▶ The problem: The listing, minus its pictures, is to be given again exactly.

▶ Supplied information:
# # # # # # #

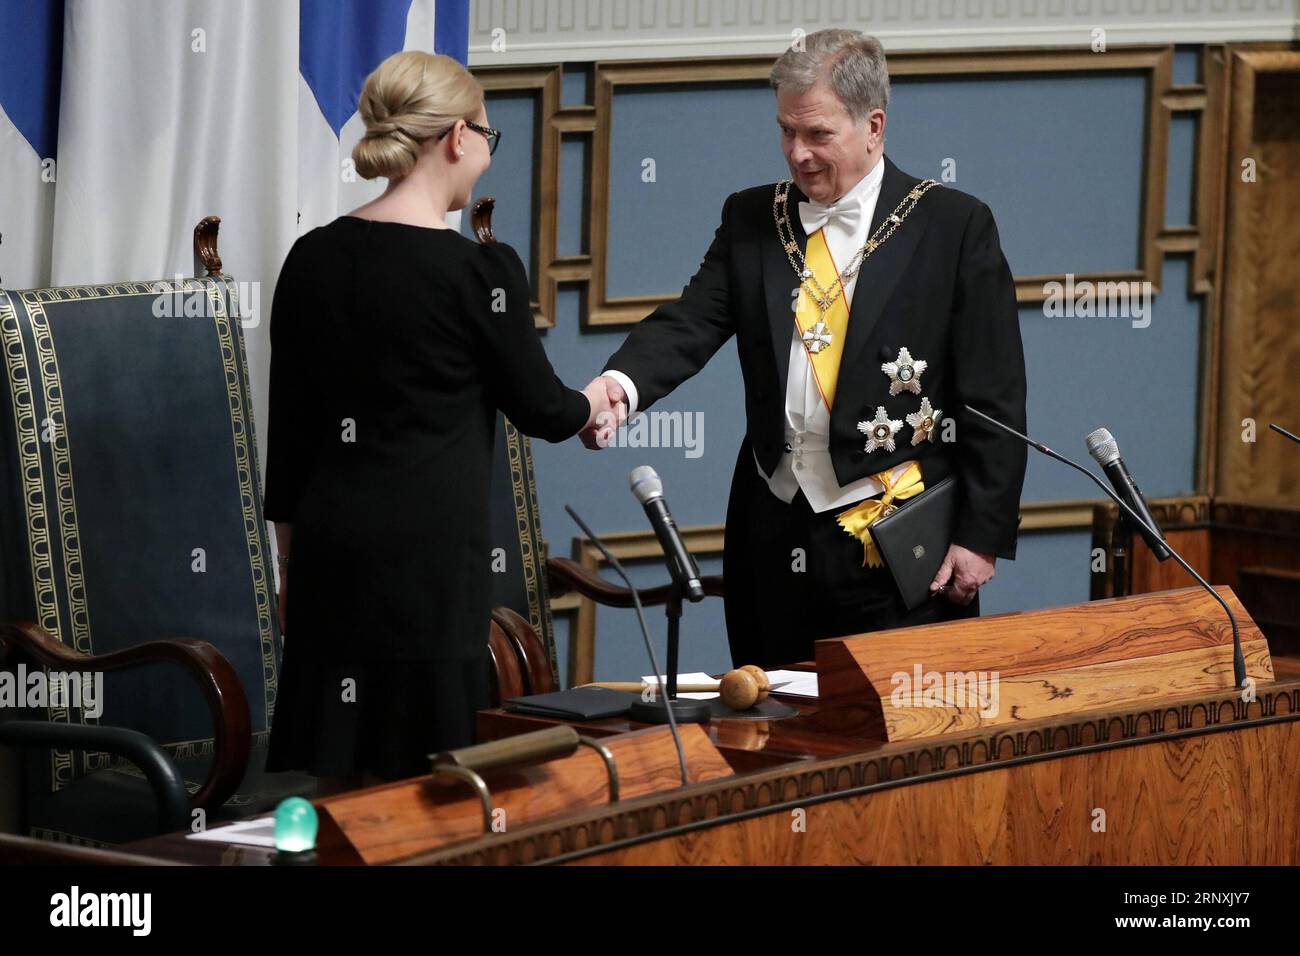 Bilder des Tages (180202) -- HELSINKI, 2 février 2018 -- le président finlandais Sauli Niinisto (à droite) serre la main de la présidente du Parlement Maria Lohela lors de l'investiture du président au Parlement finlandais à Helsinki, capitale de la Finlande, le 1 février 2018. Le président finlandais Sauli Niinisto a pris jeudi son engagement devant le Parlement finlandais, entamant son deuxième mandat de six ans en tant que président. (swt) FINLANDE-HELSINKI-PRÉSIDENT-INAUGURATION MattixMatikainen PUBLICATIONxNOTxINxCHN Banque D'Images
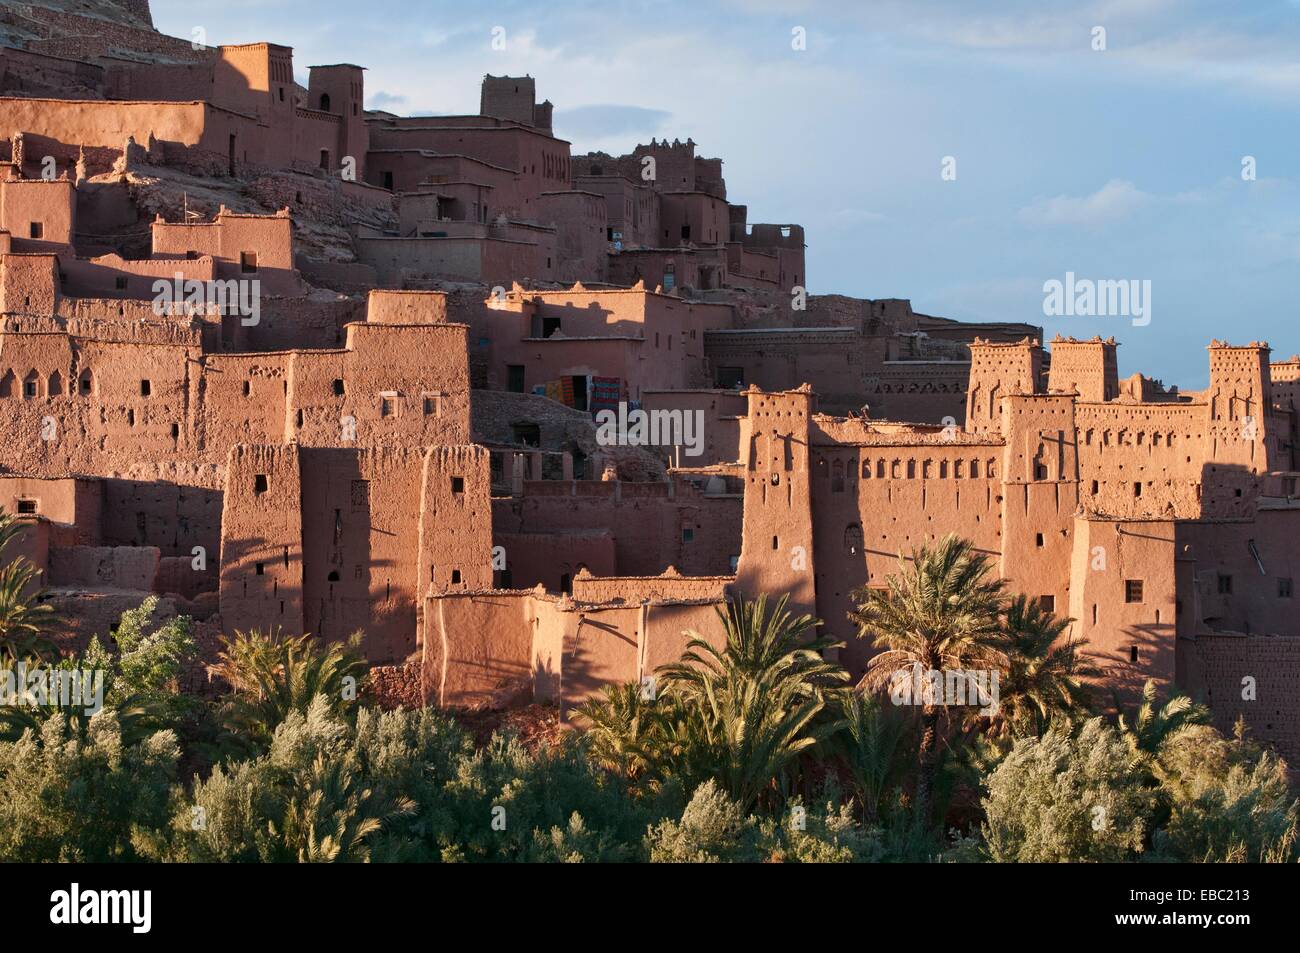 Строительство городов из глины страна. Айт-Бен-Хадду Марокко. Ксар айт-Бен-Хадду, глиняная крепость Магриба. Айт-Бен-Хадду Марокко фото. Город Шибам в Йемене.
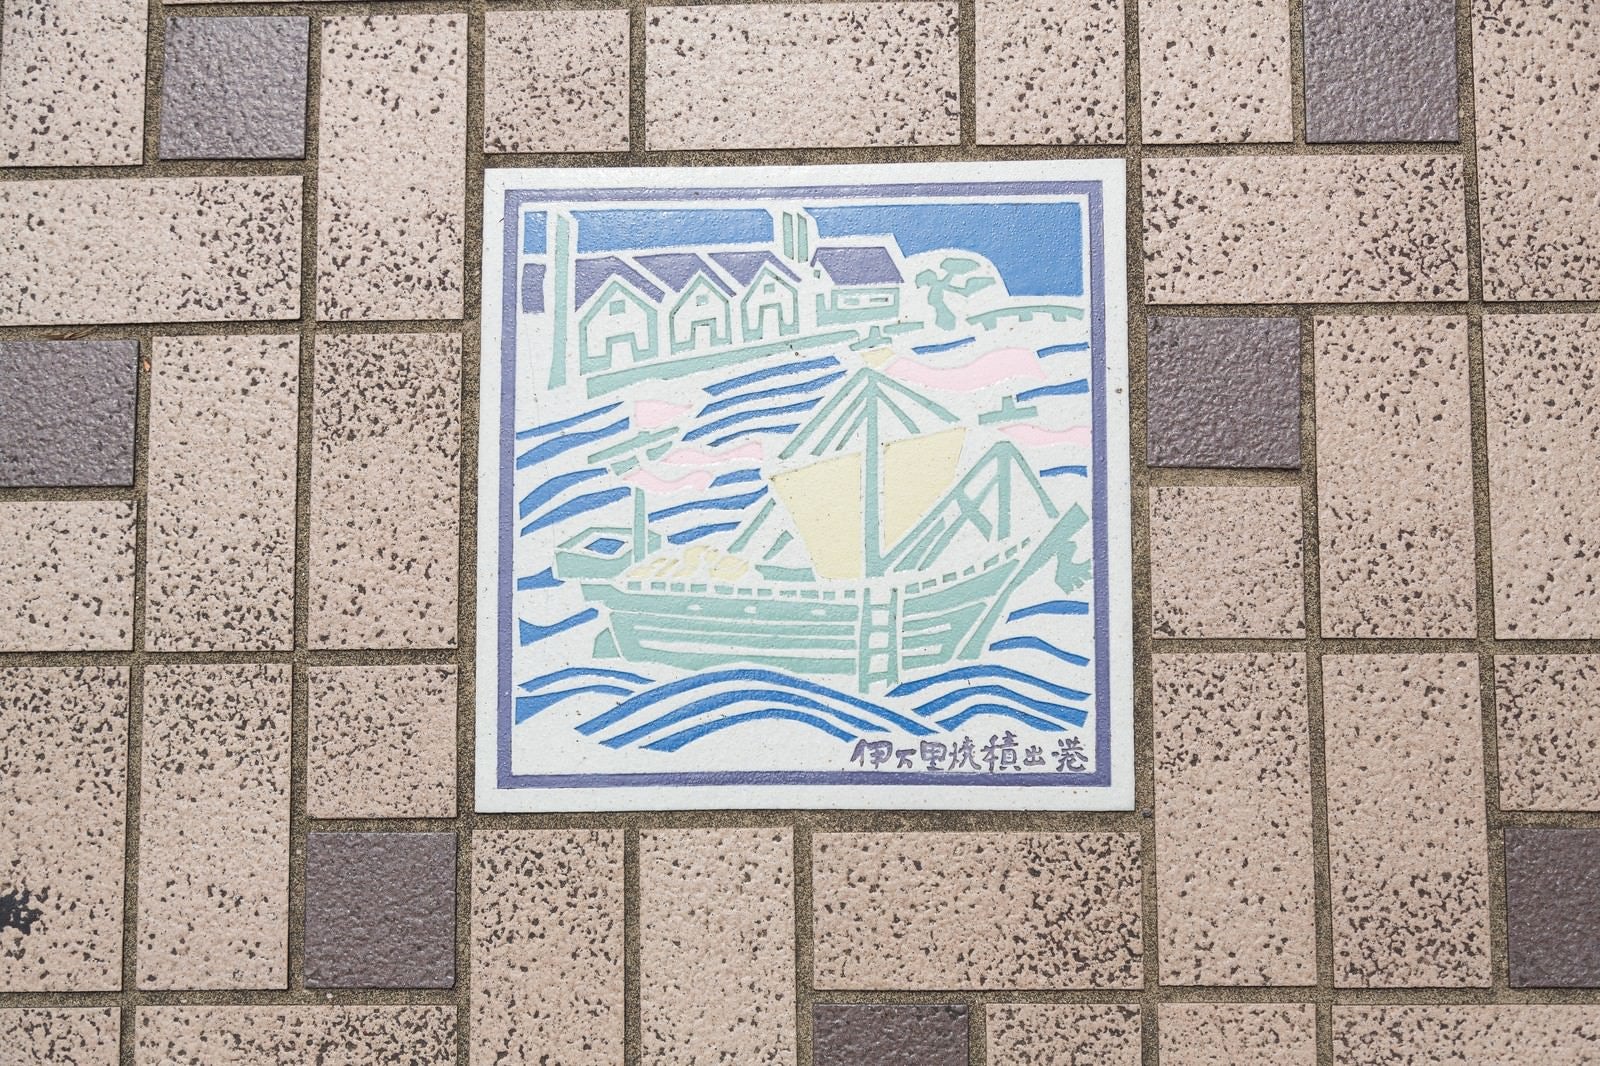 「「伊万里焼積出港」と描かれたタイル」の写真
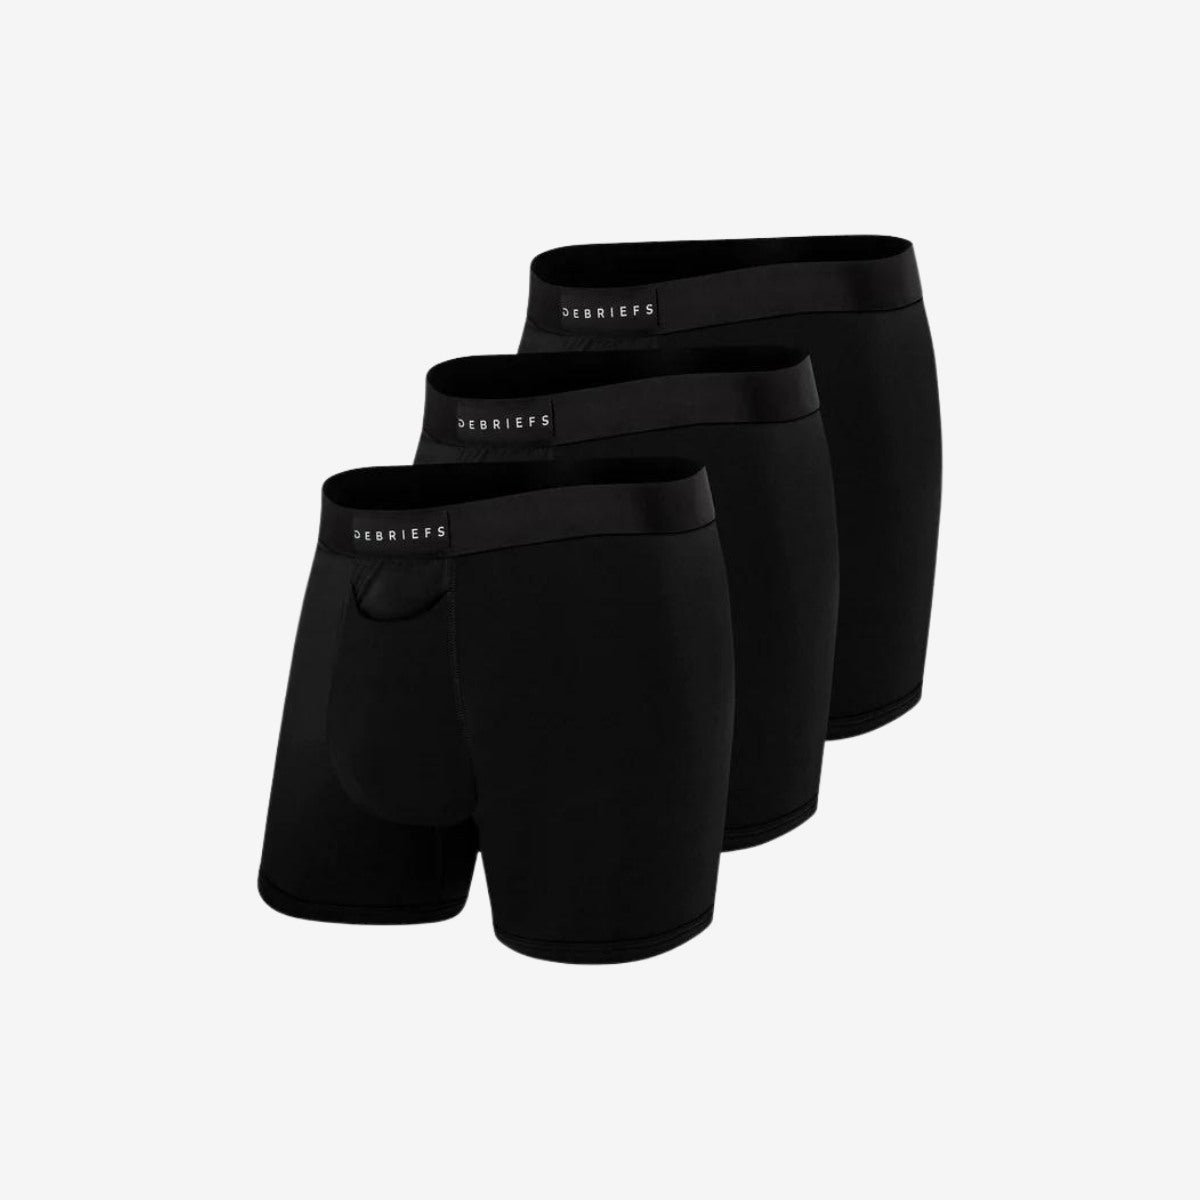 Mens Boxer Briefs Underwear Online 3 pack - Black

# # # # # # #

▶ Answer to the problem:
 Bilder des Tages (180202) -- HELSINKI, 2 février 2018 -- le président finlandais Sauli Niinisto (à droite) serre la main de la présidente du Parlement Maria Lohela lors de l'investiture du président au Parlement finlandais à Helsinki, capitale de la Finlande, le 1 février 2018. Le président finlandais Sauli Niinisto a pris jeudi son engagement devant le Parlement finlandais, entamant son deuxième mandat de six ans en tant que président. (swt) FINLANDE-HELSINKI-PRÉSIDENT-INAUGURATION MattixMatikainen PUBLICATIONxNOTxINxCHN Banque D'Images
 Строительство городов из глины страна. Айт-Бен-Хадду Марокко. Ксар айт-Бен-Хадду, глиняная крепость Магриба. Айт-Бен-Хадду Марокко фото. Город Шибам в Йемене.
 「「伊万里焼積出港」と描かれたタイル」の写真
 Mens Boxer Briefs Underwear Online 3 pack - Black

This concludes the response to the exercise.